Abstract Purpose: This study aimed to assess the antitumor activity and safety of neoadjuvant chemotherapy combined with PD-1 inhibitor camrelizumab in patients with locally advanced head and neck squamous cell carcinoma (HNSCC). Patients and Methods: In this single-center, single-arm, phase 2 trial, patients with resectable stage III–IVB HNSCC received chemotherapy [albumin-bound paclitaxel 260 mg/m2 (or docetaxel 75 mg/m2) plus cisplatin 75 mg/m2] and camrelizumab 200 mg on day 1 of each 21-day cycle for three cycles, followed by surgery, and adjuvant radiotherapy. Co-primary end points were pathological complete response (pCR) rate and safety. Results: Thirty patients were enrolled and completed the neoadjuvant therapy, with an objective response rate (ORR) of 96.7% (29/30). Twenty-seven patients underwent surgery without delay, with an R0 resection rate of 92.6% (25/27). The clinical to pathological downstaging rate was 100% (27/27). The pCR rate was 37.0% [95% confidence interval (CI), 19.4%–57.6%], and the major pathological response (MPR) rate was 74.1% (95% CI, 53.7%–88.9%). The median follow-up duration was 16.1 months (range, 8.3–28.5), and the disease-free survival rate at 12 months was 95.8% (95% CI, 73.9%–99.4%).
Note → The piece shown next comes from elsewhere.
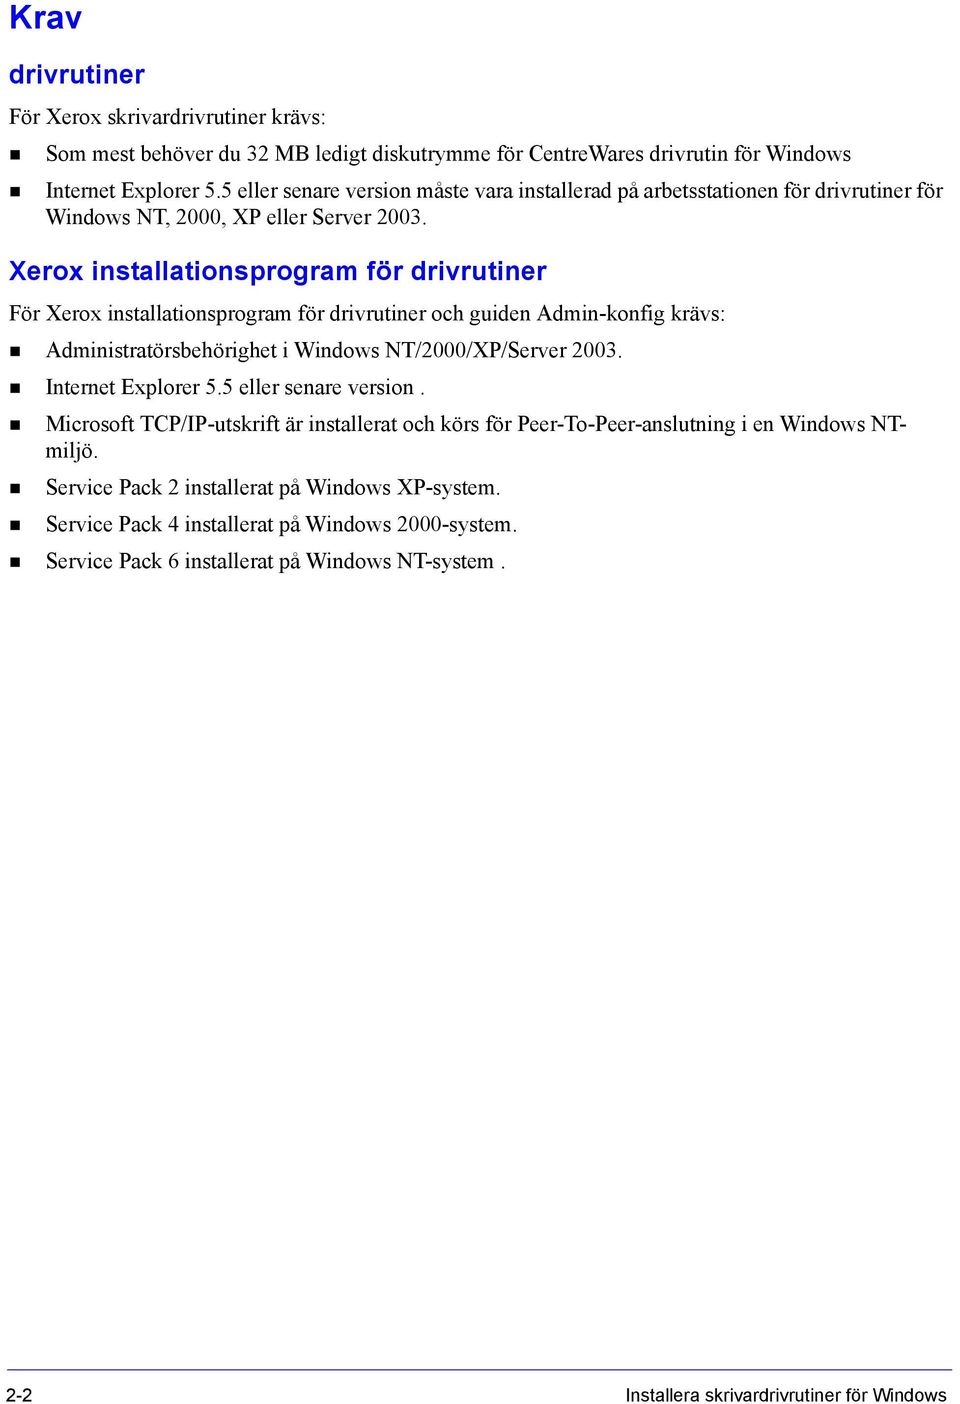 Xerox installationsprogram för drivrutiner För Xerox installationsprogram för drivrutiner och guiden Admin-konfig krävs: Administratörsbehörighet i Windows NT/2000/XP/Server 2003. Internet Explorer 5.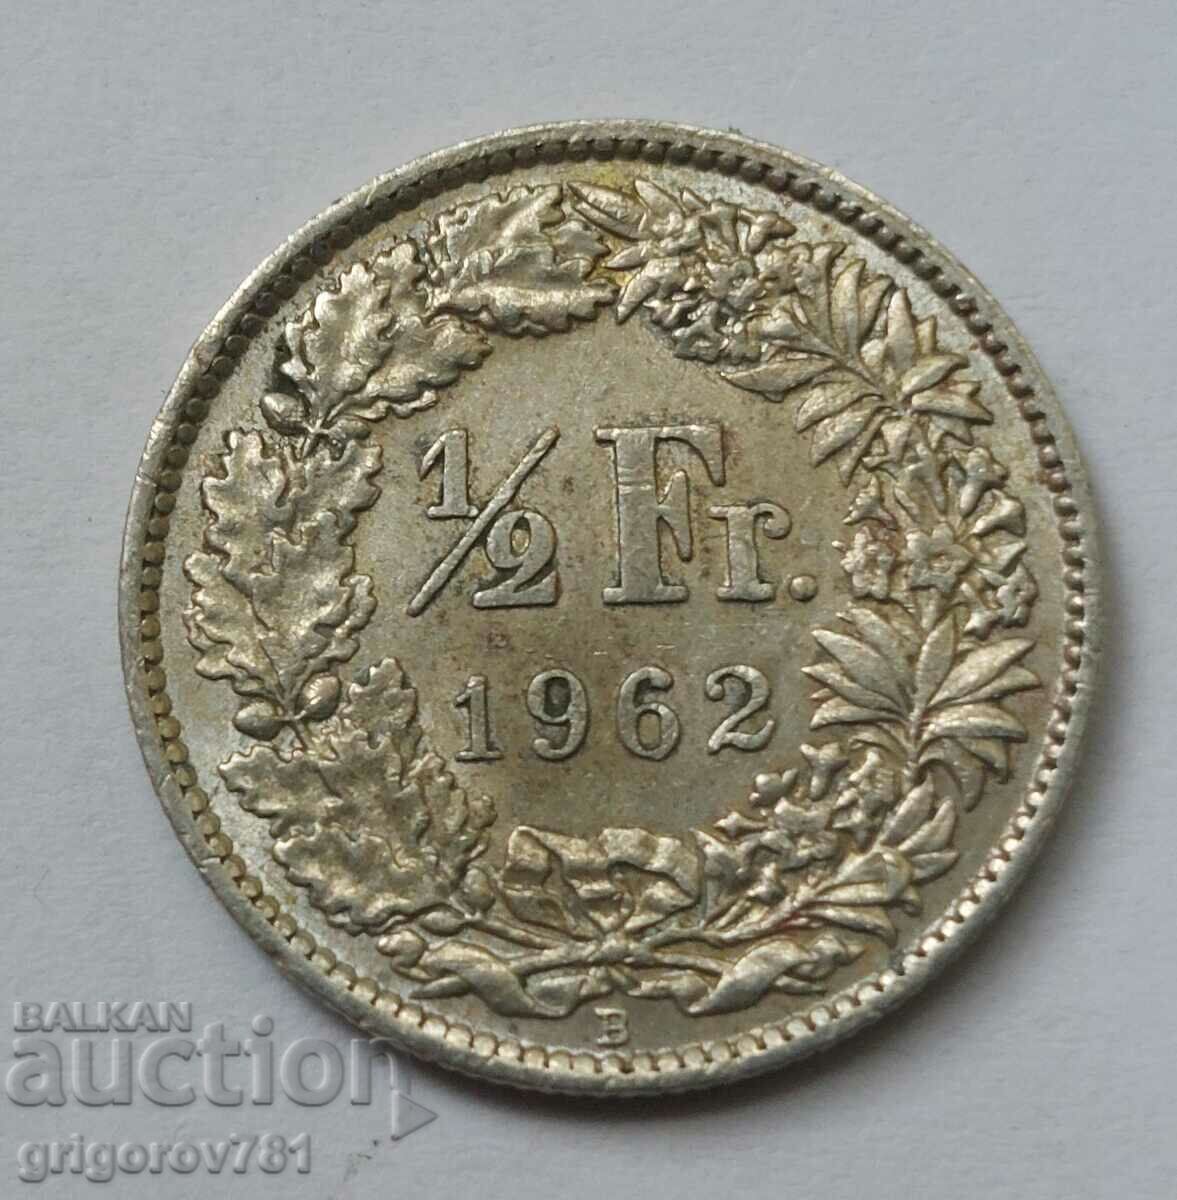 Ασημένιο φράγκο 1/2 Ελβετία 1962 Β - Ασημένιο νόμισμα #162

Grade 3 neoadjuvant therapy–related adverse events included rash (1; 3.3%), pruritis (1; 3.3%), and thrombocytopenia (1; 3.3%), and no grade 4 or 5 treatment-related events occurred. The most common surgical complication was delayed wound healing (5; 18.5%). Conclusions: Neoadjuvant chemotherapy plus camrelizumab for locally advanced HNSCC showed high ORR, pCR, and MPR rates, with an acceptable safety profile. These data support further evaluation of neoadjuvant chemoimmunotherapy for the treatment of locally advanced HNSCC.